Выбрать главу

Сельва. Крокодилы, пьющие особую воду. Воду, которая превращается в стекло. Самые ядовитые змеи. Гремучие, коралловые, науяки, тамагасы[61]. Леса жевательной резины. Индейцы-лакандоны. И вот — богатство. Хозяин плантаций, самых лучших в мире земель для банановых кустов, поднявшихся из зеленого пушка девственной почвы, там, где речной ил желт, как подсолнух, и где днем сверкают звезды в глазах черных пантер и пятнисто-золотистых кошек — оцелотов. Оцелоты не похожи на ягуаров, не кидаются на людей. Их там держат вместо собак.
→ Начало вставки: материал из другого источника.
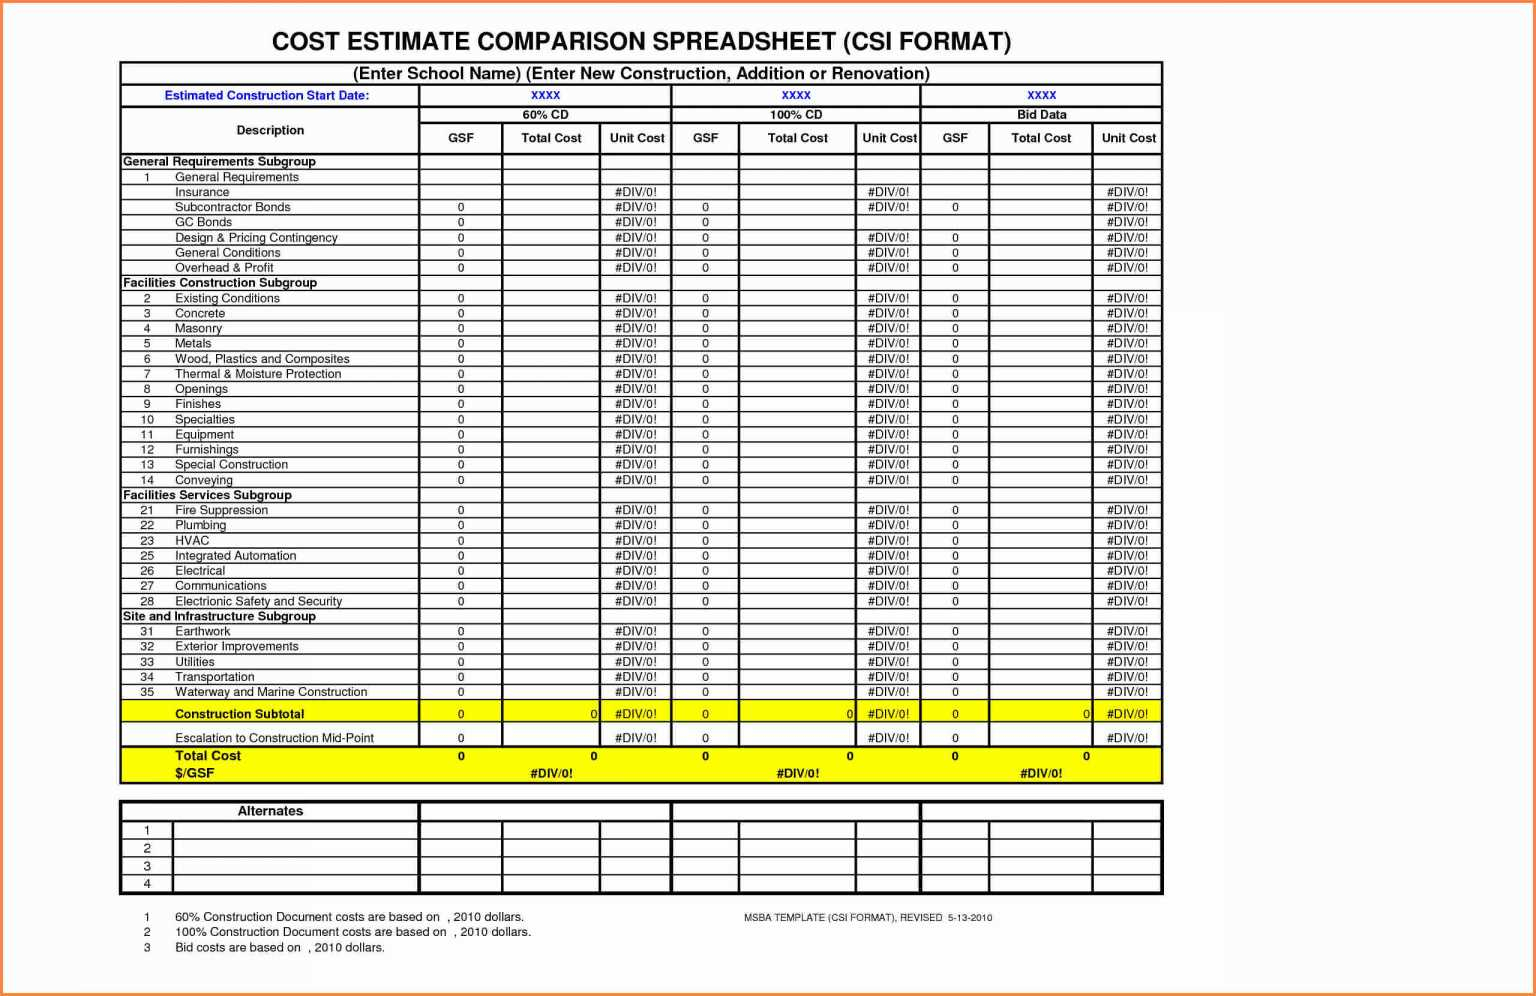 Building Cost Estimator Spreadsheet For Construction Estimating And Building Cost Estimator Spreadsheet
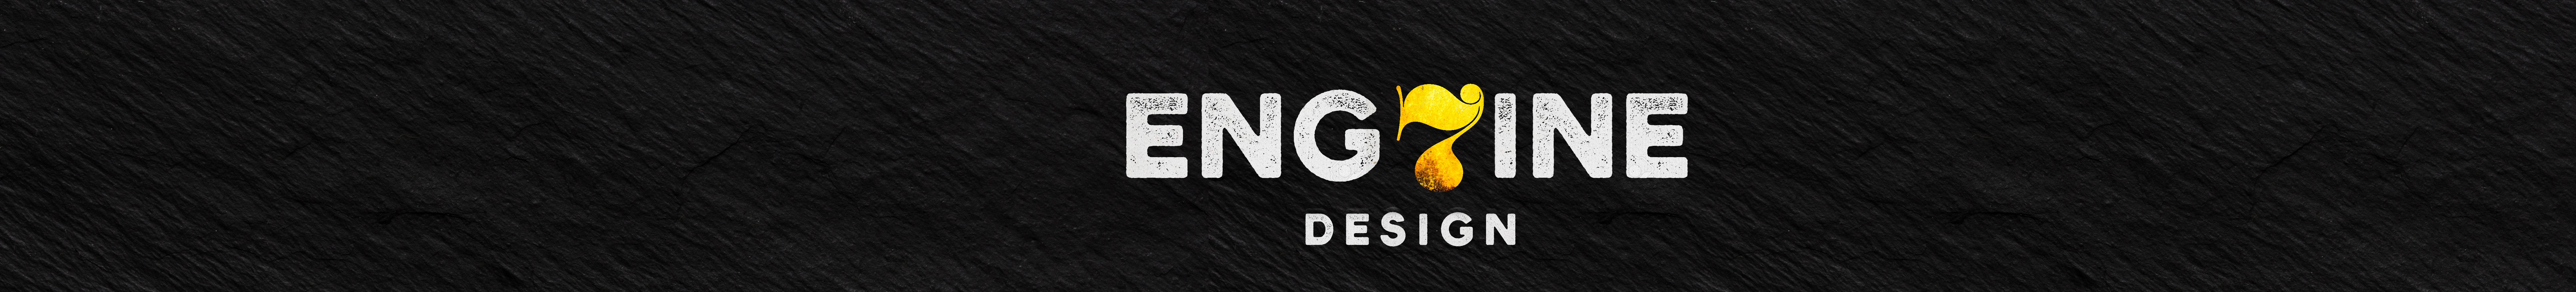 ENGINE 7 DESIGN's profile banner

А еще они обладают дивным свойством выделять сладкую слюну янтарного цвета; индейцы собирают ее в маленькие сосуды и делают снадобье от солнечных ударов. Ну а миллионы?.. Однажды ночью, жаркой тропической ночью в него ударила молния. На мгновение он сделался пеплом, восстал из пепла молнией, и с этого момента все, к чему прикоснулись его руки, обратилось в золото. Не жалкой горстки вещей — многого, очень многого коснулся он. Раскаты грома утроили, удесятерили ему руки, эхом отдались в пальцах, чтобы он мог объять земли, где теперь миллионами ветвей зеленого золота раскинулись сказочные плантации бананов, которые так любят американцы. А из молнии он превратился в того, кем был теперь, — в Его Зеленое Святейшество, в Зеленого Папу. Зеленый Папа! Это прозвище, как хоругвь, несли продавцы газет по улицам Чикаго, по сотням и тысячам больших и маленьких улиц… Green Pope! На бирже Нью-Йорка, Парижа, всего мира повышались банановые акции: «Беру по 511! Беру по 617!.. 702!.. 809!.. Green Pope!.. Green Pope!..»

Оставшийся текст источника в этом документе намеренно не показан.